With RayStation 10B, clinics are now able to use the same treatment planning system for HDR brachytherapy and external-beam radiotherapy, yielding significant operational benefits in terms of staff training and patient throughput. RaySearch’s collaboration with Eckert and Ziegler Bebig, a German company which specializes in brachytherapy treatment delivery systems, was fundamental to the development and commercial release of the new planning module, while the radiation oncology teams at AKH Vienna and Centre Antoine Lacassagne in Nice provided clinical validation of the software functionality and associated workflows. “It’s all about triangulation,” notes Blom. “Customer-driven software innovation is shaped and validated by our collaborations with domain experts in industry and clinical practice.”

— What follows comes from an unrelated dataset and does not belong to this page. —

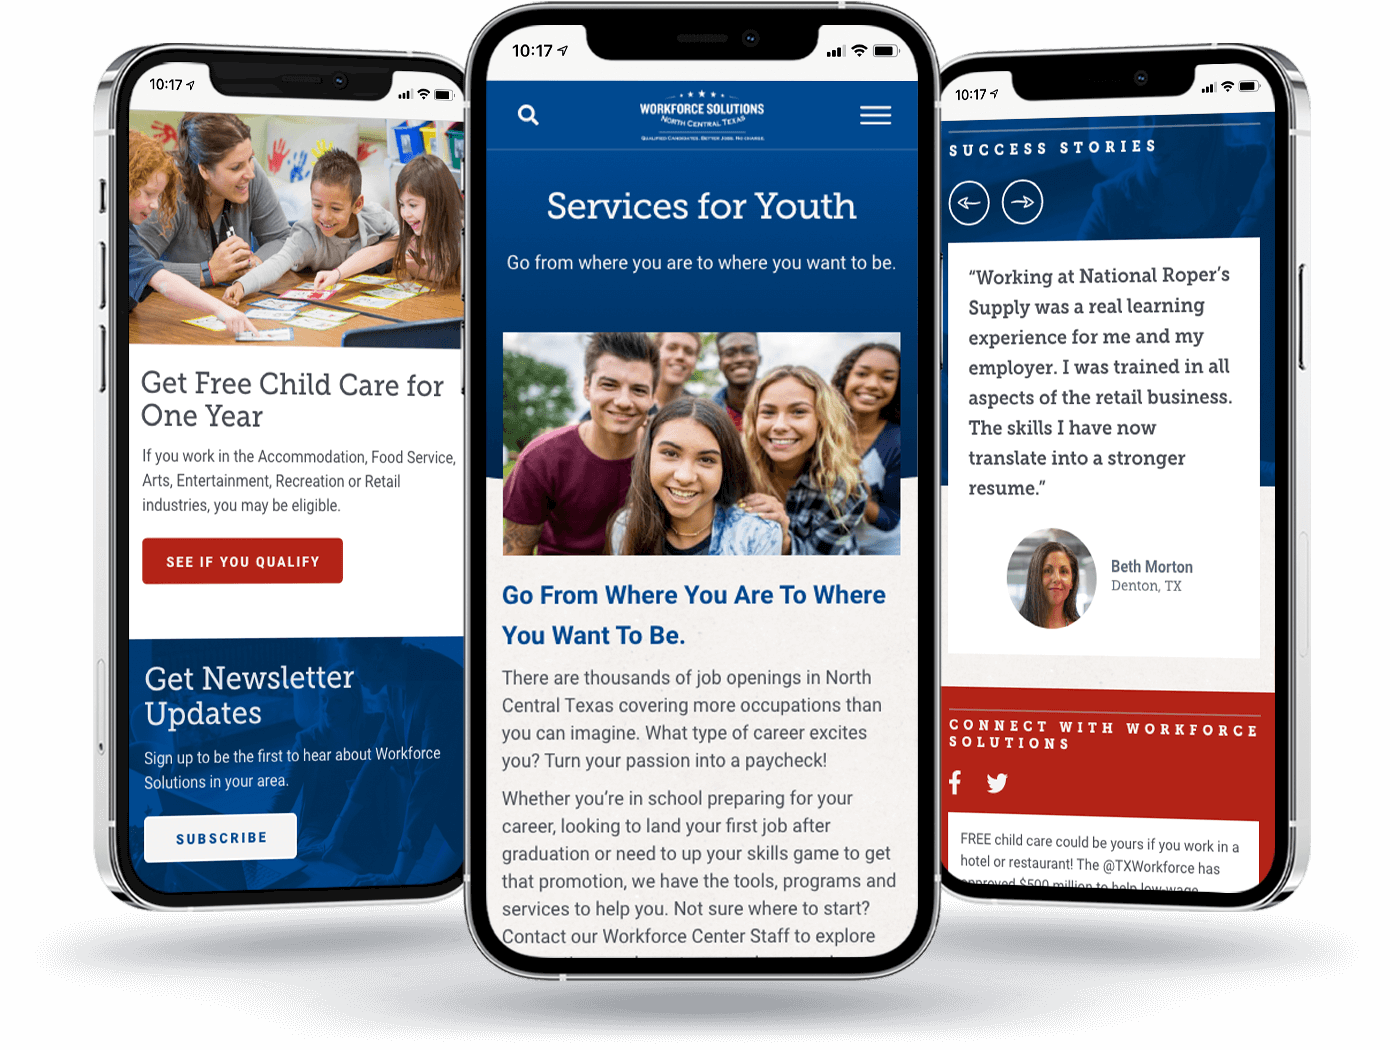 Iphone view of CTA, Services for Youth, and testimonials

REIMAGINING VIRTUAL ENGAGEMENT RaySearch staff teams moved swiftly in spring 2020 to re-engineer core business functions around largely digital workflows and online interaction. Yet the COVID-19 reset also provided an opportunity for Blom and colleagues to reimagine the “collective conversation” with RaySearch’s global partner program. Creative thinking was key, for example, to successful delivery of the 2020 virtual meeting of the RaySearch Clinical Advisory Board, a network of nine leading cancer clinics that supports the development and positioning of RayCare as a next-generation OIS. “We used a professional film crew and basically converted two training rooms here in the Stockholm head office into our own temporary TV studio,” explains Blom. “Delegates were impressed with the production values and the quality of engagement – it was like they were dialing into a broadcast newsroom. Another benefit is scalability, with the virtual format enabling wider involvement of RaySearch colleagues and more staff from our partners’ clinical teams.”
VARIATIONS ON A THEME It’s evident as well that looser, more informal partnerships provide opportunities to add value with RaySearch’s clinical customer base. One such is the collaboration with Japanese radiotherapy OEM Toshiba Energy Systems & Solutions, which is currently installing its carbon-ion therapy system at Yonsei Cancer Center in Seoul, South Korea.
With initial patient treatments scheduled for 2022, RaySearch staff are now working with colleagues from Toshiba and Yonsei to integrate the carbon-ion treatment machine with RayStation and the RayCare®* oncology information system. It’s work that builds on a previous collaboration with Toshiba and Yamagata University Hospital in Japan, with the latter also implementing RayStation in combination with Toshiba's carbon-ion therapy system.
Another notable milestone in 2020 is RaySearch’s interoperability agreement with Varian, specifying an interface to seamlessly connect the workflows, scheduling and resource management of RayCare with the latter’s TrueBeam treatment machine. “Our vision is that we must collaborate to succeed,” concludes Blom. “Strength through partnership is very much the mindset here.”